AlgorithmicTime (dead)
bluefirebrand
> objectively cruel act

You mean "subjectively"

Which is the whole crux of the issue isn't it?

You think it's "objectively cruel"

Many people don't think it is.

wirrbel
Also, slaughtering as a process never was an issue for people. My grandma slaughtered chicken in her back yard.
PuppyTailWags
I think it's important, as people who eat meat, to fully acknowledge the deep and societal harms that meat causes. It is well-studied that slaughterhouses are uniquely bad for a community and uniquely bad for the people who work there. Meat as a food can sometimes be bad for people, but meat as an industry is definitely bad for people. Knowing this can allow us to make more responsible choices even if we still end up eating meat, such as selecting for small, ethical farmers that also limit the trauma of themselves/those who do the slaughtering of their stock.
pasquinelli
if you read the comment you're replying to carefully, you'll see they never said you or anyone else was immoral for eating meat, yet that's your takeaway.
ericmcer
I think it is a valid point. We can only indulge in such a guilt free way because we don't see how the sausage is made.

My friend will eat burgers and chicken nuggets all day, but a chicken drumstick with it's tendons and cartilage he is unable to eat, it is a necessary disconnect for him.

My tolerance is way higher but if part of ordering dinner was choosing a living animal for them to kill and prepare I would definitely just get tofu.

PeterisP
IDK, I don't see any food-guilt issues from any of the countryside people I know who see "how the sausage is made" because they have done it, and have slaughtered some of the animals they have grown themselves.

And IMHO the discussions about "kill your own dinner" are quite impractical because that simply doesn't work in most conditions from the perspective of hygiene and food safety, and slaughtering is a job that does require quite some skill to do it properly, having it done by amateurs can easily be needless cruelty if you do it wrong.

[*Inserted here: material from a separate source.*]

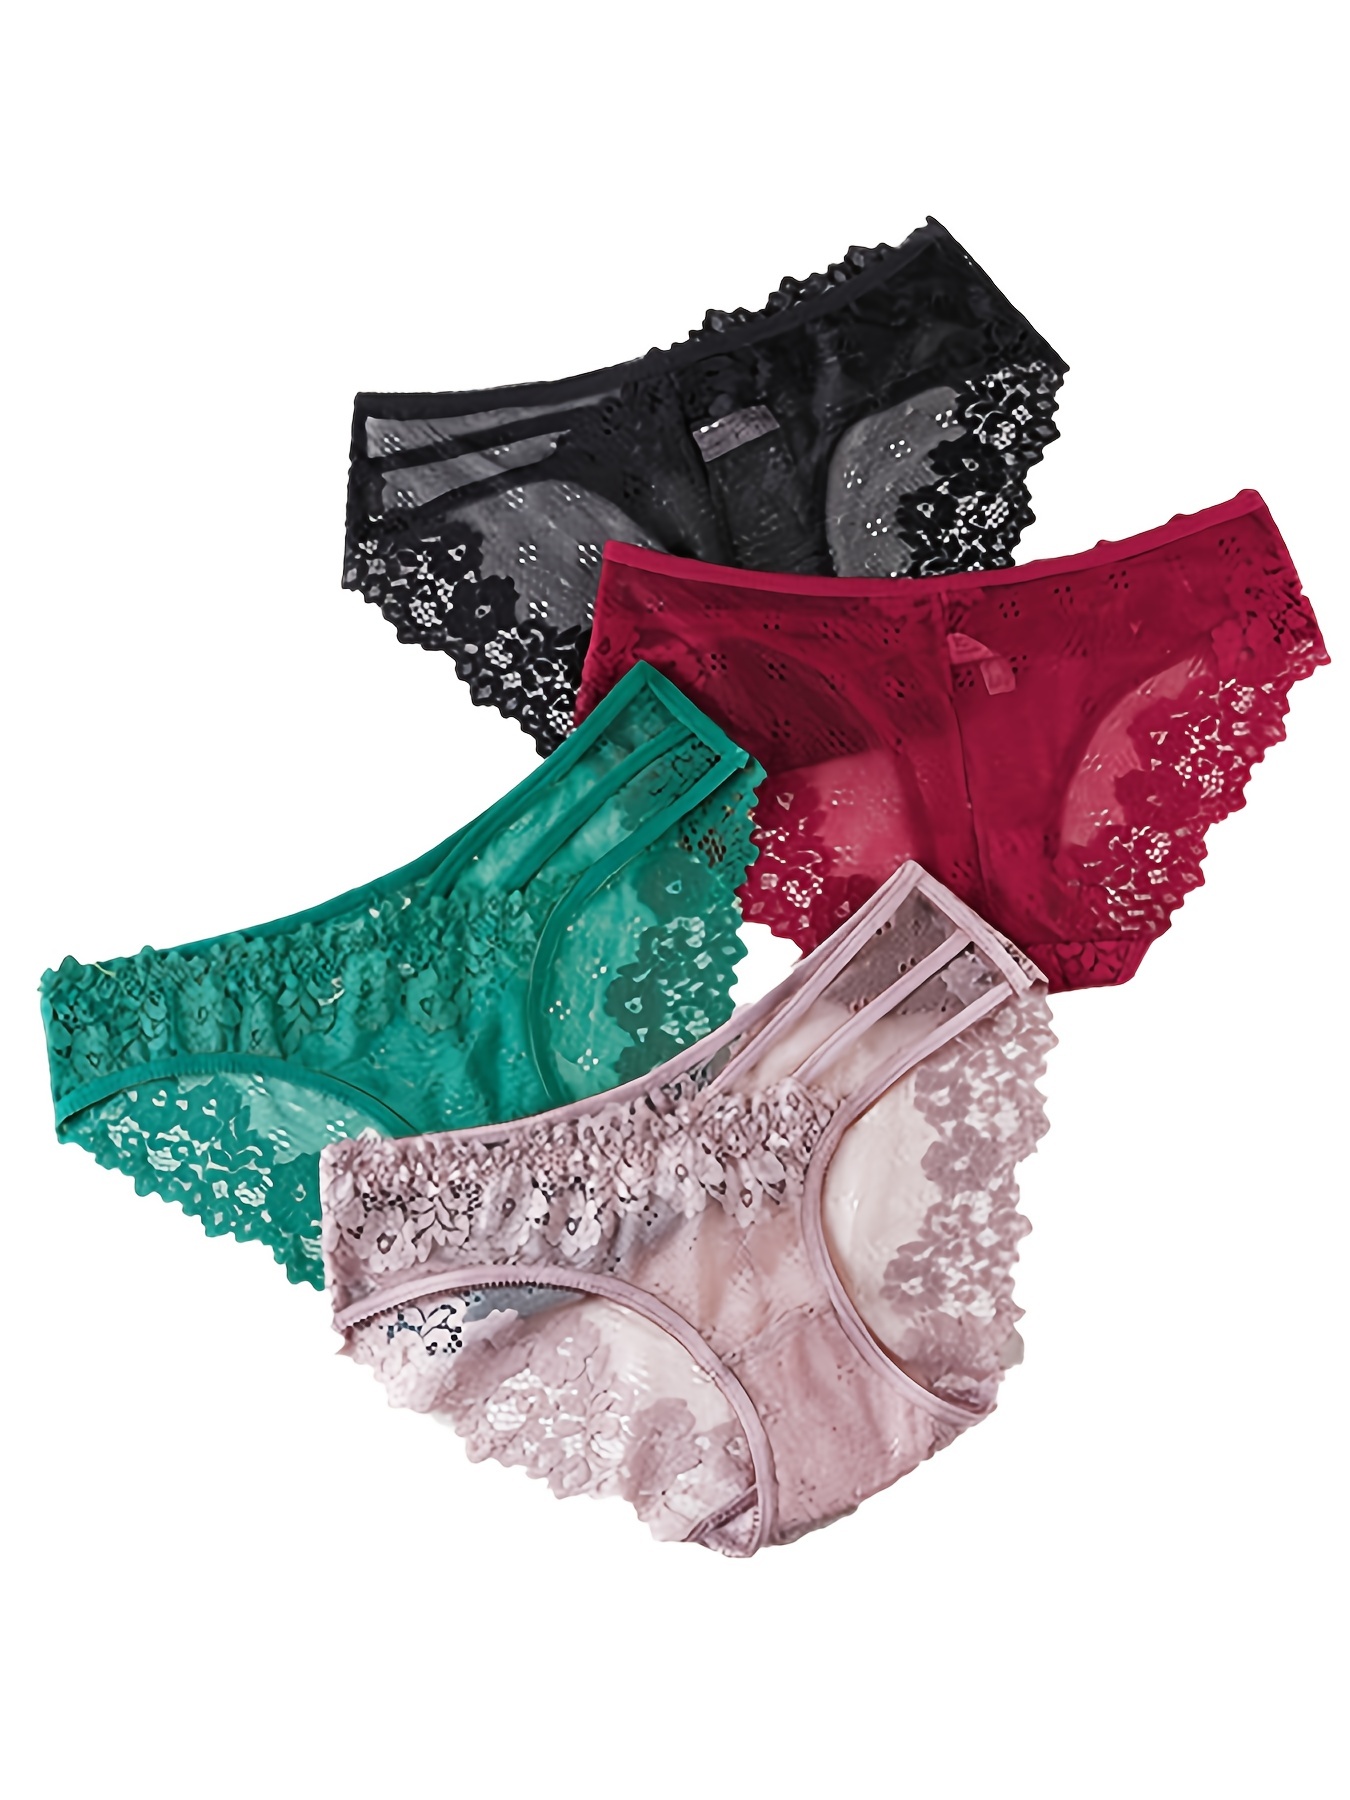 Sexy High-Rise Comfortable Lace Briefs, Stretchy Semi-Sheer French-Cut  Panties, Women's Underwear & Lingerie

Like, I can butcher a chicken or a rabbit, but I would not be qualified to handle a pig or a cow properly.

giantg2
"We can only indulge in such a guilt free way because we don't see how the sausage is made."

That might be for some people. There are many that would have no guilt. As you point out, some people know what is in a chicken nugget (chicken) but eat it anyways. This path might slightly reduce the number of omnivores, but I doubt it would have a serious impact overall. Like any reduction in consumption from them would just lead to a lower price and increased demand either domestically or internationally.